In the late 1990’s I produced a series of twenty-two images from the Byron Harmon Collection as gold-toned Printing-out Paper prints and sold them at my gallery/store in Banff. This paper was a relic from the late nineteenth century, revered for its long tonal range, archival qualities and beauty. It was a contact printing paper requiring printing negatives to be produced from the original negative by Chicago Albumen Works, the only company in the world which still worked with this paper, producing work for artists and museums. The french company producing the paper ceased production in the early 2000’s. An attempt to produce it in England was a failure, (I was one of the test printers for this new paper). I was forced to give up this popular project.
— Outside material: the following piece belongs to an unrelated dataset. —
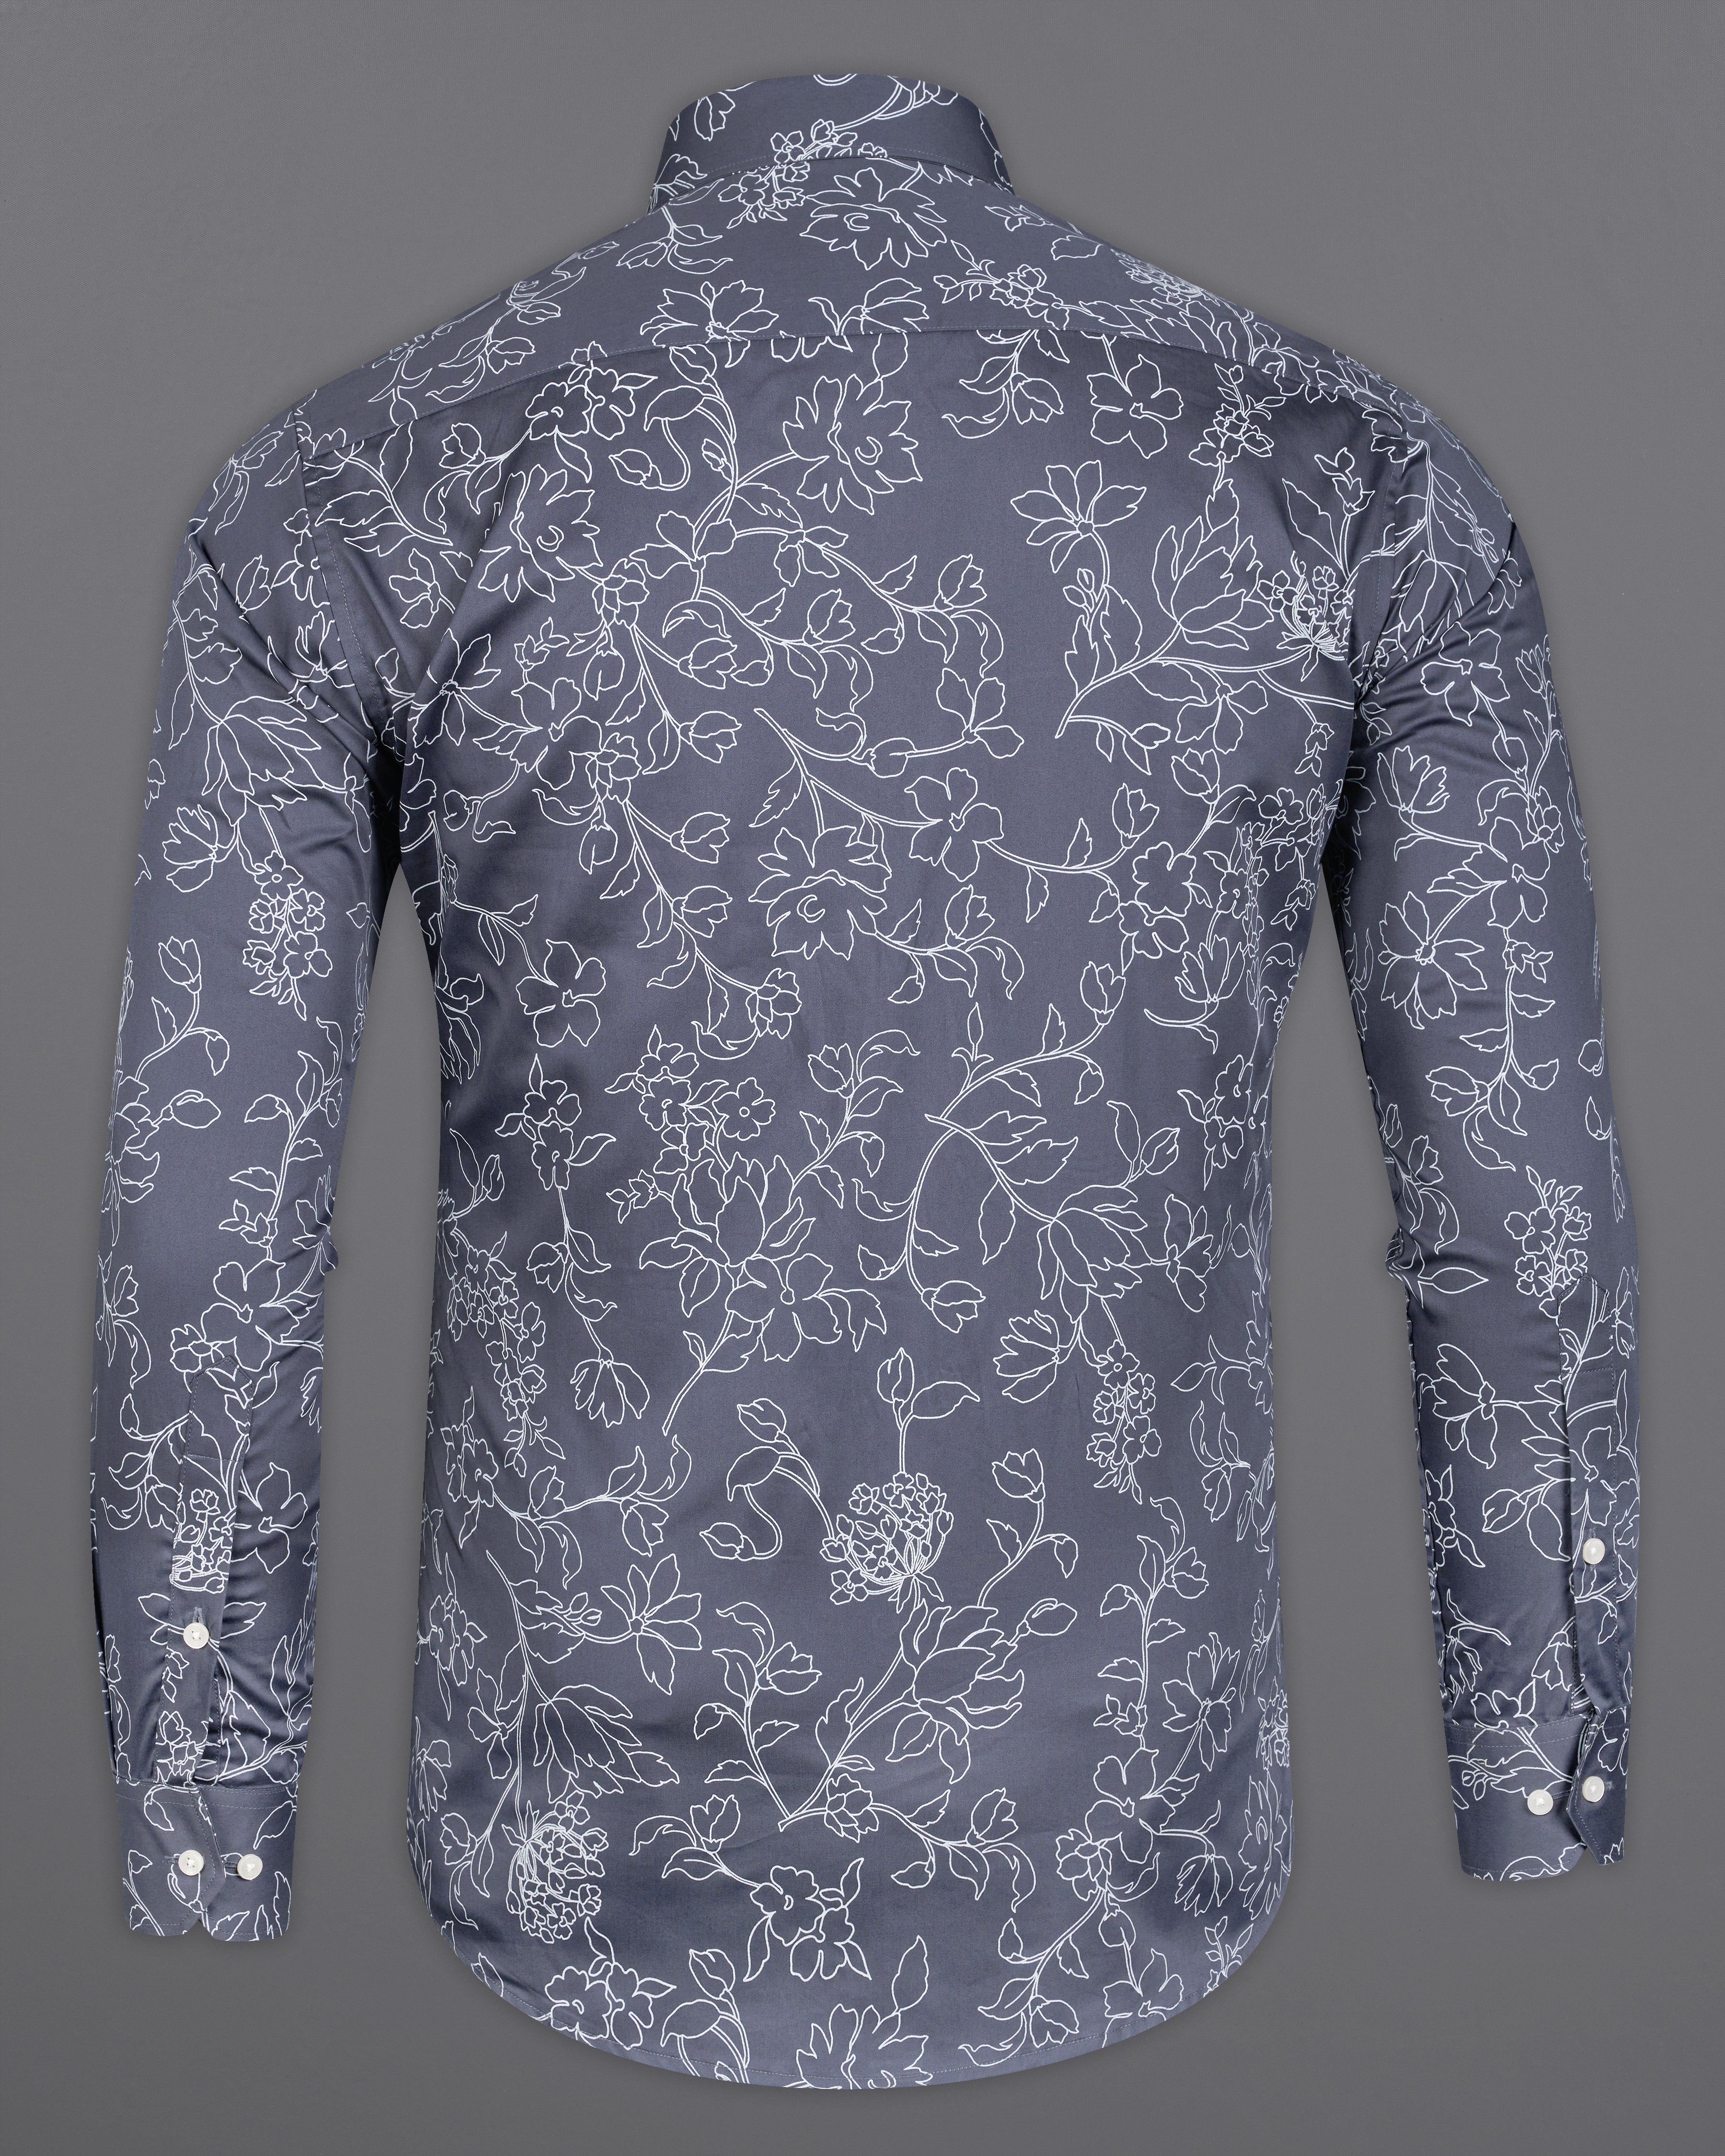 Mulled Wine Dark Gray and White Floral Printed Super Soft Premium Cotton Shirt 9952-38, 9952-H-38, 9952-39, 9952-H-39, 9952-40, 9952-H-40, 9952-42, 9952-H-42, 9952-44, 9952-H-44, 9952-46, 9952-H-46, 9952-48, 9952-H-48, 9952-50, 9952-H-50, 9952-52, 9952-H-52

Overcoming the Dust of Ages
Over the past several years I have turned my photographic practice from analogue to digital, both with my own work and ongoing projects with my family’s photographs. This website is my latest project.
Dust and scratches are the bane of photographers. Repair work with knives, retouching fluids, and brushes were the old way of improving a negative. There are those who believe old photographs should be reproduced with their dust and scratches preserved, as testament to their period, and their long lives. I respect the argument but can’t live with the results.
Byron used the old fashioned retouching tools which gives me the permission I need to do my utmost to present his images in as beautiful a manner as I am able.
I produce high resolution scans with an Imacon scanner. I do repair work in Photoshop. I have not found the new “dust and scratches” filters to be effective on these images so I repair them painstakingly, one scratch at a time.